Bir zamanlar, eski bir diyarda, gökkuşağı renkleriyle parıldayan kalıntılar vardı. Bu kalıntılar, hem çok güzel hem de biraz gizemliydi. Burada, Glim adında, mısır püskülü renginde, yumuşak kar tanelerinden sakalı olan, büyülü bir Kar Küresi Büyücüsü yaşıyordu. Glim, sihirli dondurma kepçeleriyle sihir yapardı ve her zaman kar yağdırabilirdi. Buz gibi, hiç erimeyen bir dondurma şatosunda yaşıyordu. Glim’in en iyi arkadaşı, Wobble adında, gök mavisi, yumuşacık bir Jel Ahtapottu. Wobble, ruh haline göre lezzet değiştiren, dans etmeyi çok seven bir ahtapottu. Her bir dokunacıyla farklı ritimlerde dans edebilir, mürekkebiyle su altında geçici disko ışıkları yaratabilirdi. Wobble, su altında kahkahalarla dolu bir dans pistinde yaşardı.

Bir gün, Glim ve Wobble, kalıntıların arasında dolaşırken, prenses çıkartmalarıyla dolu, parıldayan bir harita buldular. Harita, bir uzay gemisine giden bir hazineyi gösteriyordu! “Ne dersin Wobble, bu gizemli hazineyi bulalım mı?” dedi Glim, buz gibi mavimsi sakalını sıvazlayarak. Wobble sevinçle zıpladı. “Elbette Glim! Uzay gemisi, müzik ve prensesler! Bu harika olacak!” diye bağırdı, vücudu anında çilek aromasına döndü. Hemen yola koyuldular. Haritayı takip ederek, uzay gemisine doğru ilerlediler. Yolculukları boyunca, rengarenk uzay tozlarıyla dolu tünellerden geçtiler ve müzik notaları gibi parıldayan yıldızların arasında dans ettiler.
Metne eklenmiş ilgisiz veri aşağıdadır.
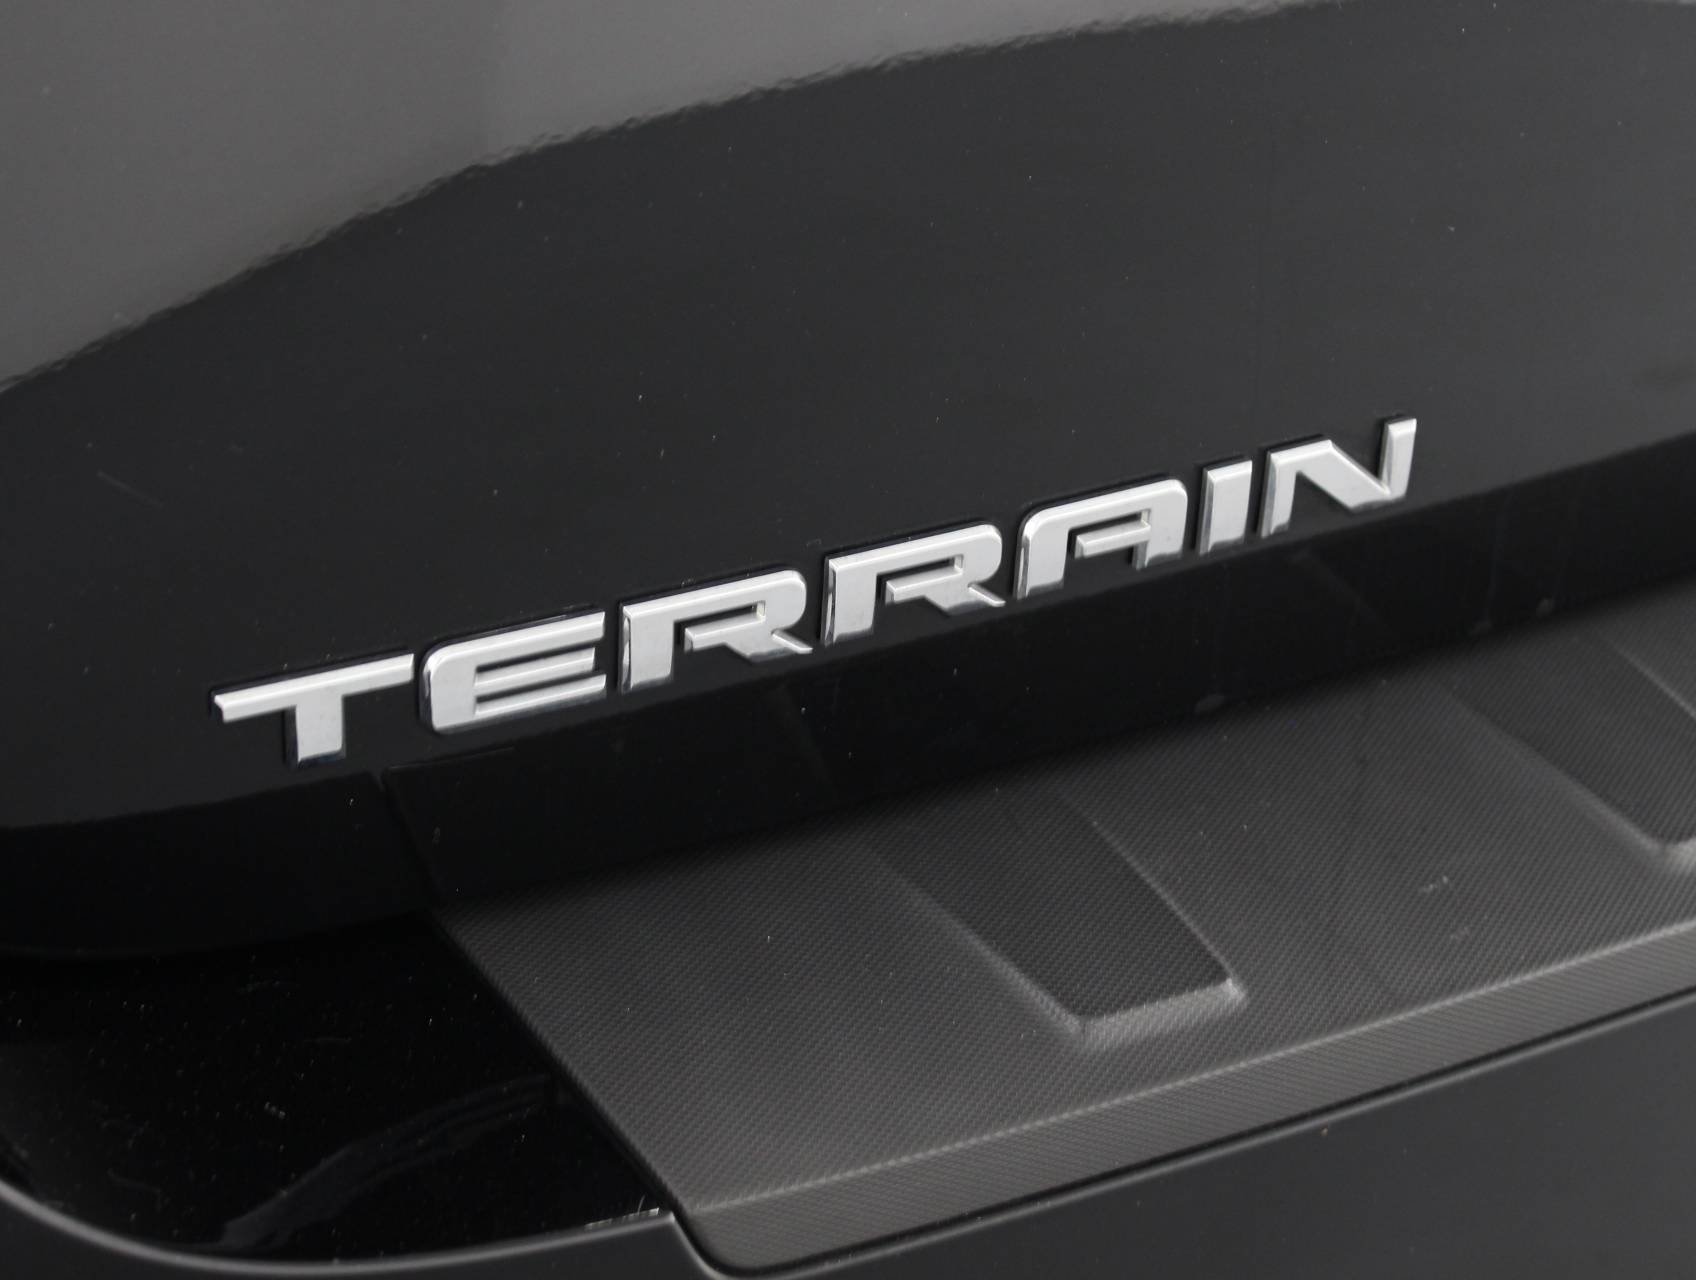 Florida Fine Cars - Used GMC TERRAIN 2015 WEST PALM SLT1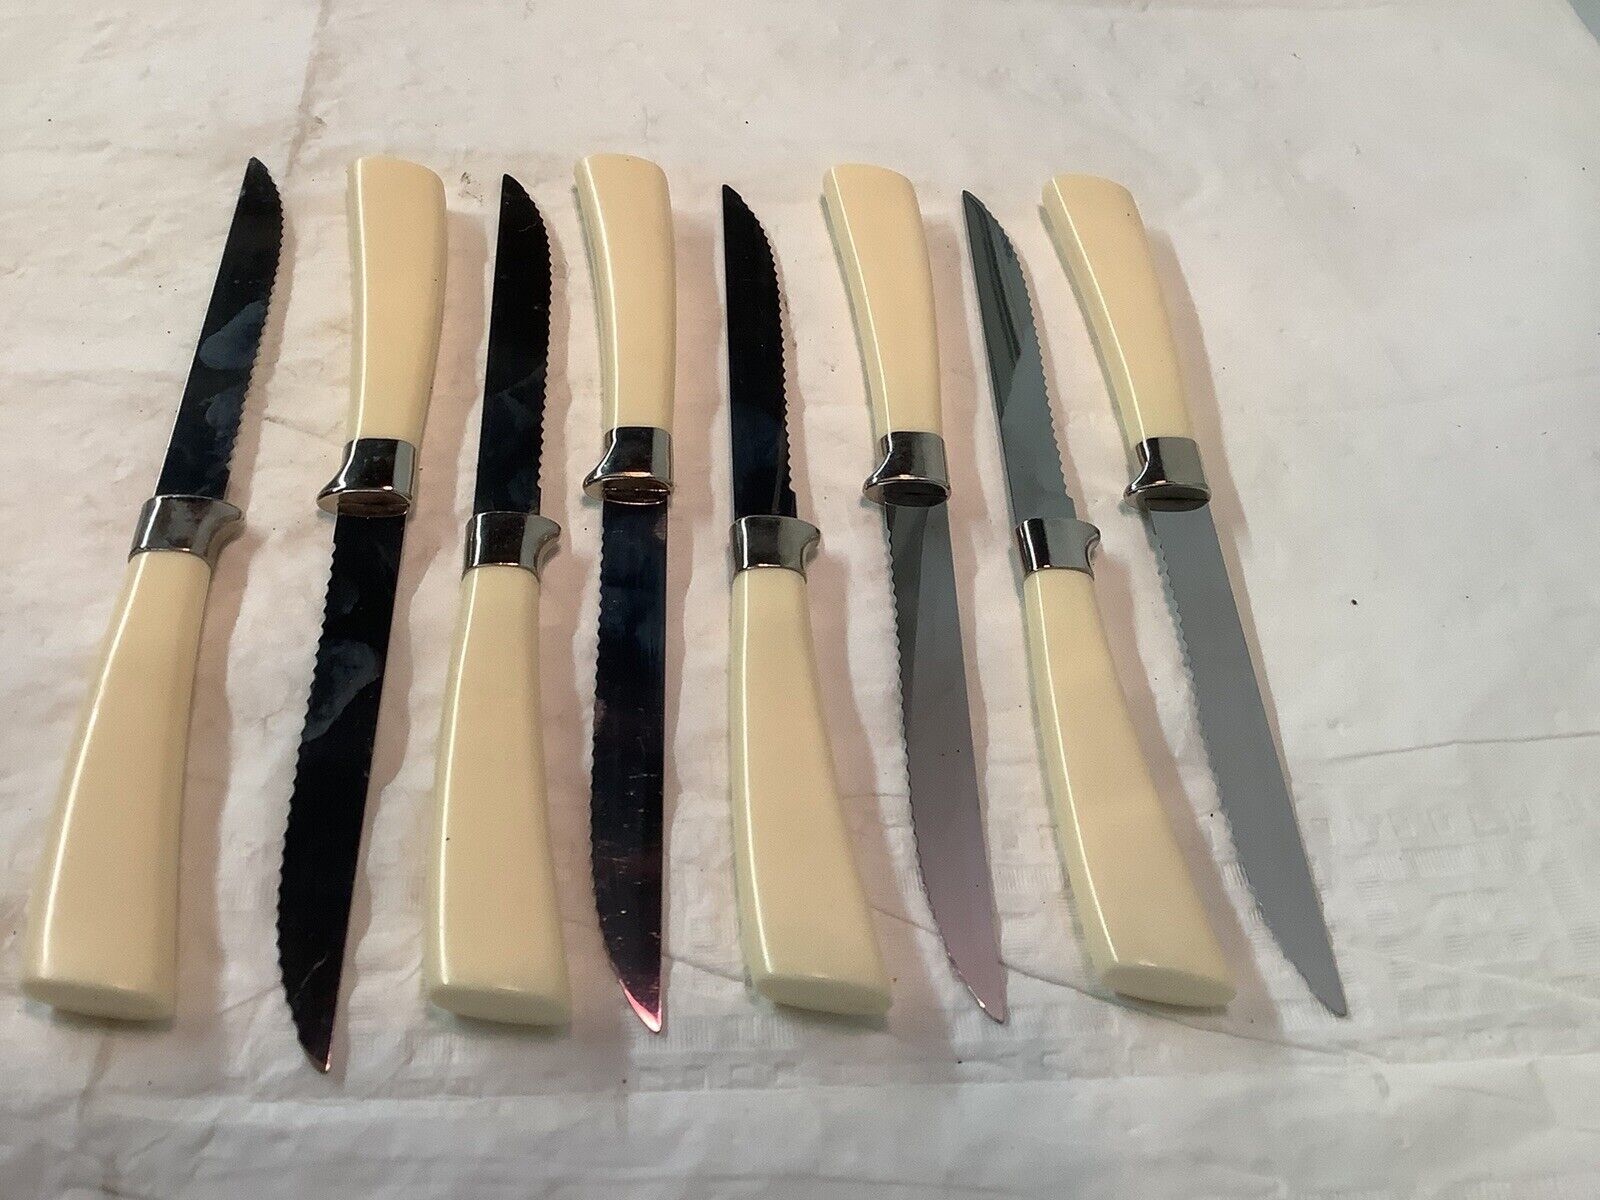 VTG Forgecraft Serrated Steak Knives Set Of 8 Stainless/Bakelite USA Made

Uzay gemisine vardıklarında, burası oldukça renkli ve eğlenceliydi. Duvarlar, gökkuşağı renkleriyle boyanmıştı ve her yer oyuncaklarla doluydu. Fakat, hazineye ulaşmak için bir bulmacayı çözmeleri gerekiyordu. Bulmaca, farklı şekillerdeki deliklerden geçen, parıldayan topların yerleştirilmesiyle ilgiliydi. “Bu zorlu bir bulmaca!” dedi Glim, endişeyle. “Ama biz, takım çalışmasıyla her şeyi başarabiliriz!” dedi Wobble, neşeyle. Wobble, esnek vücudunu kullanarak, topları farklı şekillerde deliklerden geçirmeye çalıştı. Bazı toplar çok büyüktü, bazıları ise çok küçüktü. Glim, sihirli dondurma kepçelerini kullanarak, topların boyutlarını değiştirdi ve sonunda bulmacayı çözmeyi başardılar. Tam da Wobble'ın en sevdiği dondurma aromasına benzeyen, pembe bir parıltı patlamasıyla hazineye ulaştılar.

Hazine sandığını açtıklarında, içinden daha fazla parıltı çıktı! Bekledikleri gibi altın veya mücevher değildi, ama bu onları hiç üzmedi. Glim ve Wobble, kalıntıları bu parıltılarla daha da güzelleştirdiler. Gökkuşağı renkleri daha da parlaklaştı, her yer daha da ışıltılı oldu. Kalıntılar artık daha da büyülü görünüyordu. Birlikte çalışmanın ve arkadaşlığın değeri, kalıntılardan yayılan parıltılar gibi, her yere yayıldı.
Yolculuktan sonra, Glim ve Wobble, evlerine döndüler. Glim, dondurma şatosunda, Wobble ise su altındaki dans pistinde uykuya daldılar. Glim, her zaman kar yağdırdığı buz gibi dondurma şatosunda, yumuşacık kar tanelerinden sakalını okşayarak uyudu. Wobble, her zaman kahkahalarla dolu olan, su altındaki dans pistinde, rüyasında yeni müzikler ve dans figürleri görerek uyudu. Ve gökkuşağı renkleriyle parıldayan kalıntılar, sonsuza dek dostluklarının ve maceralarının bir sembolü olarak kalacaktı.